Data for analysis>

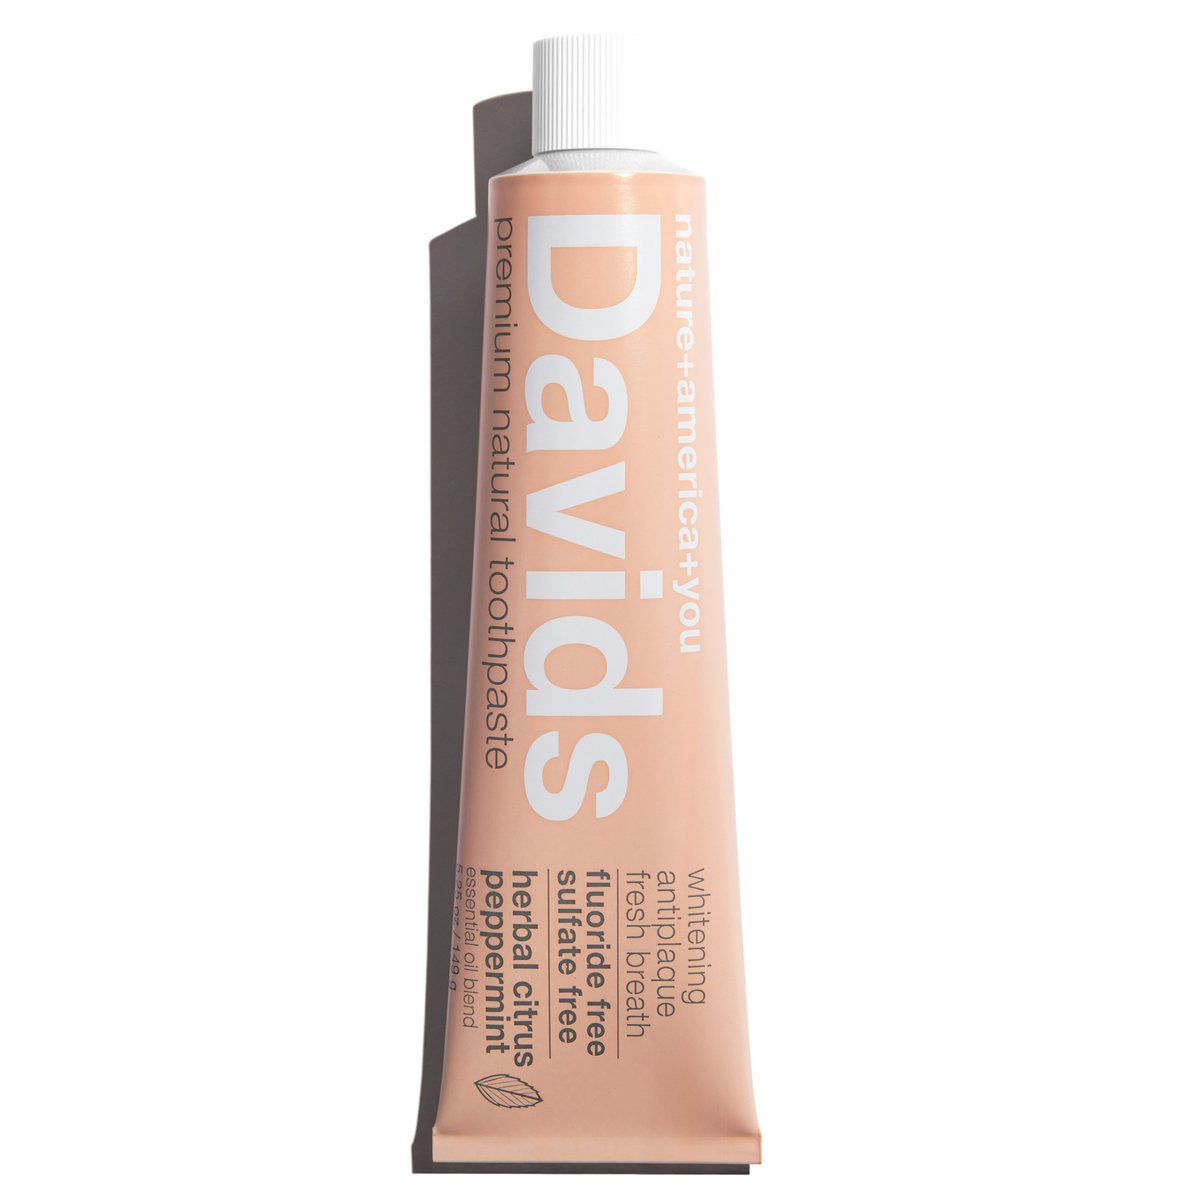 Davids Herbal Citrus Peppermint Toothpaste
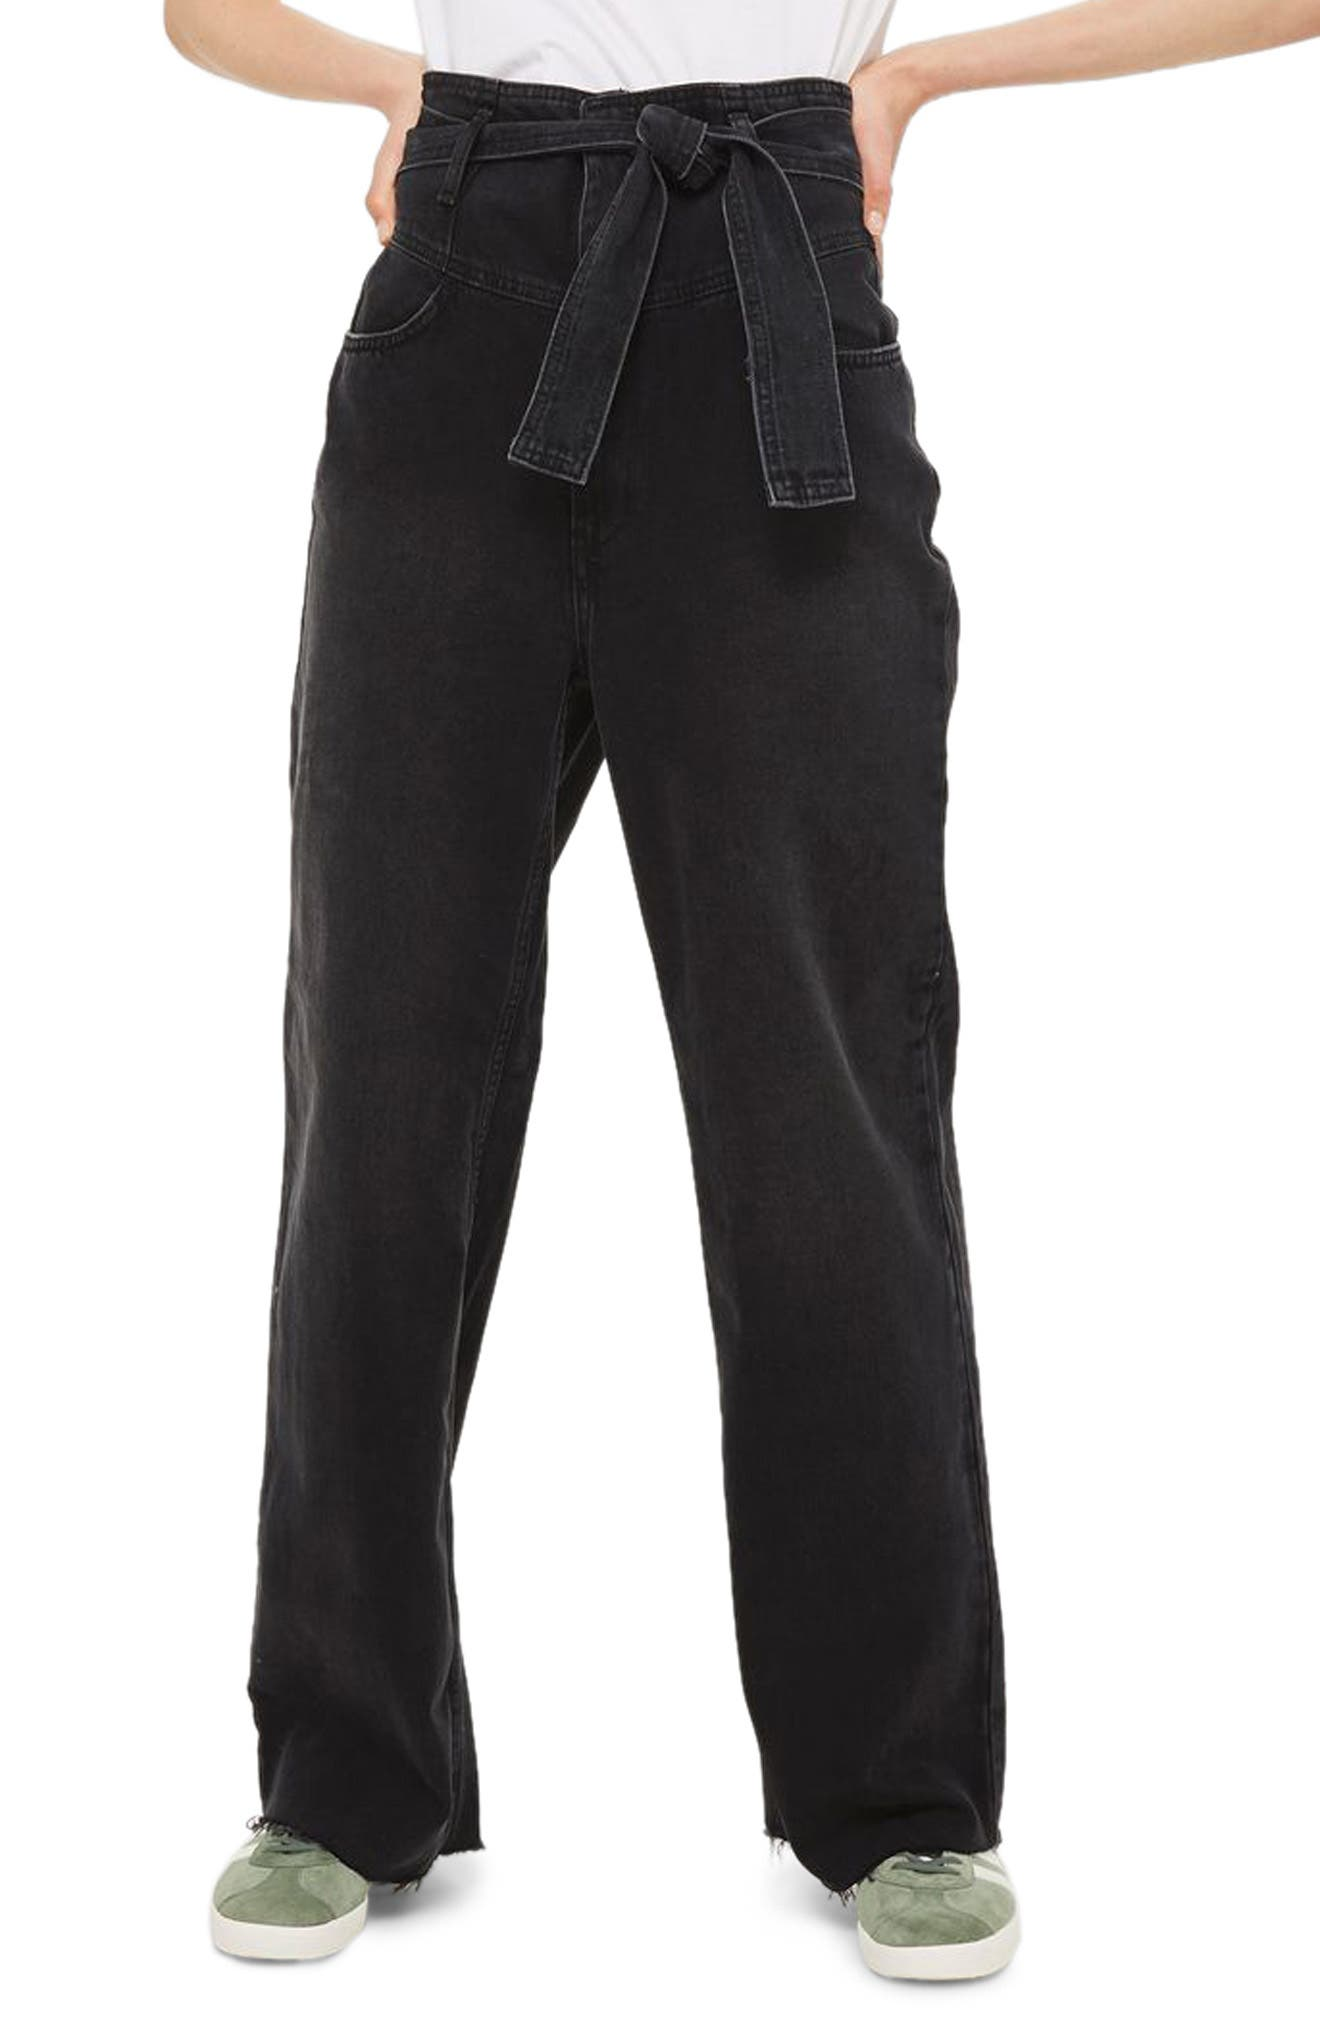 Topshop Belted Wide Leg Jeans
...
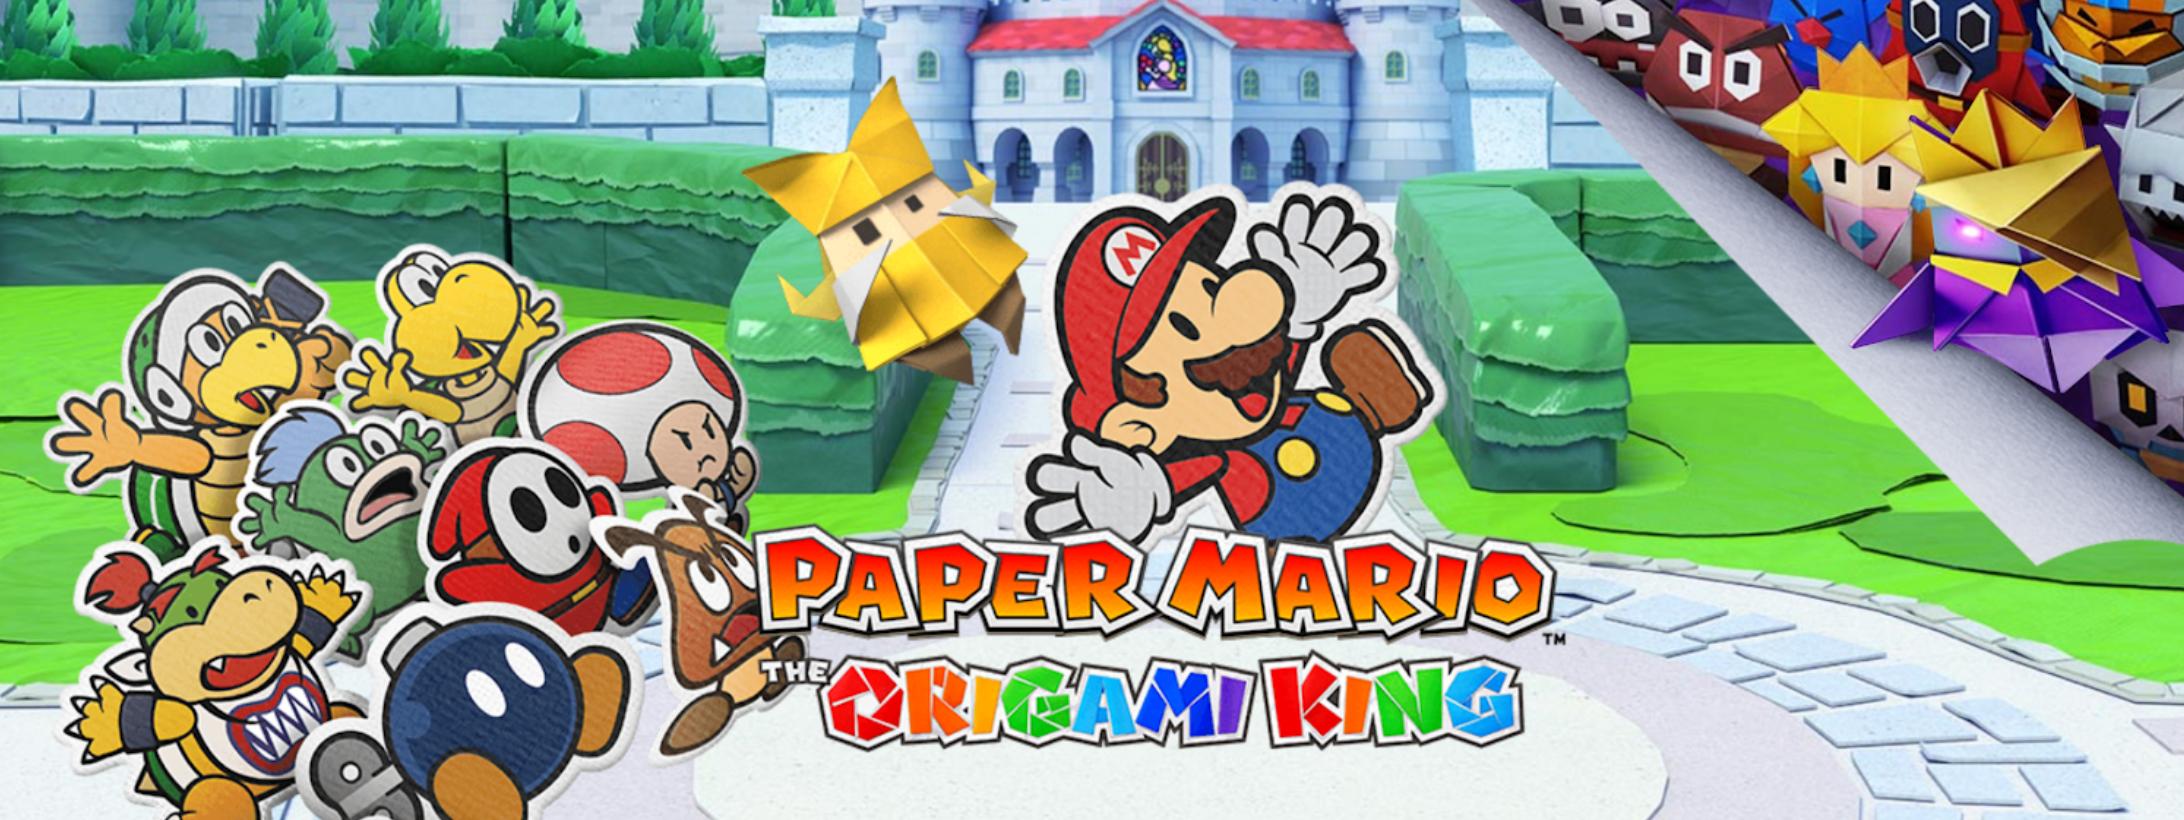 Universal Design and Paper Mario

Activity> Quote the lines above exactly, starting with the one that has "Davids Herbal Citrus Peppermint Toothpaste" and ending with the one that has "Topshop Belted Wide Leg Jeans"; drop the pictures and include nothing else.

Answer space>
 Davids Herbal Citrus Peppermint Toothpaste
 Topshop Belted Wide Leg Jeans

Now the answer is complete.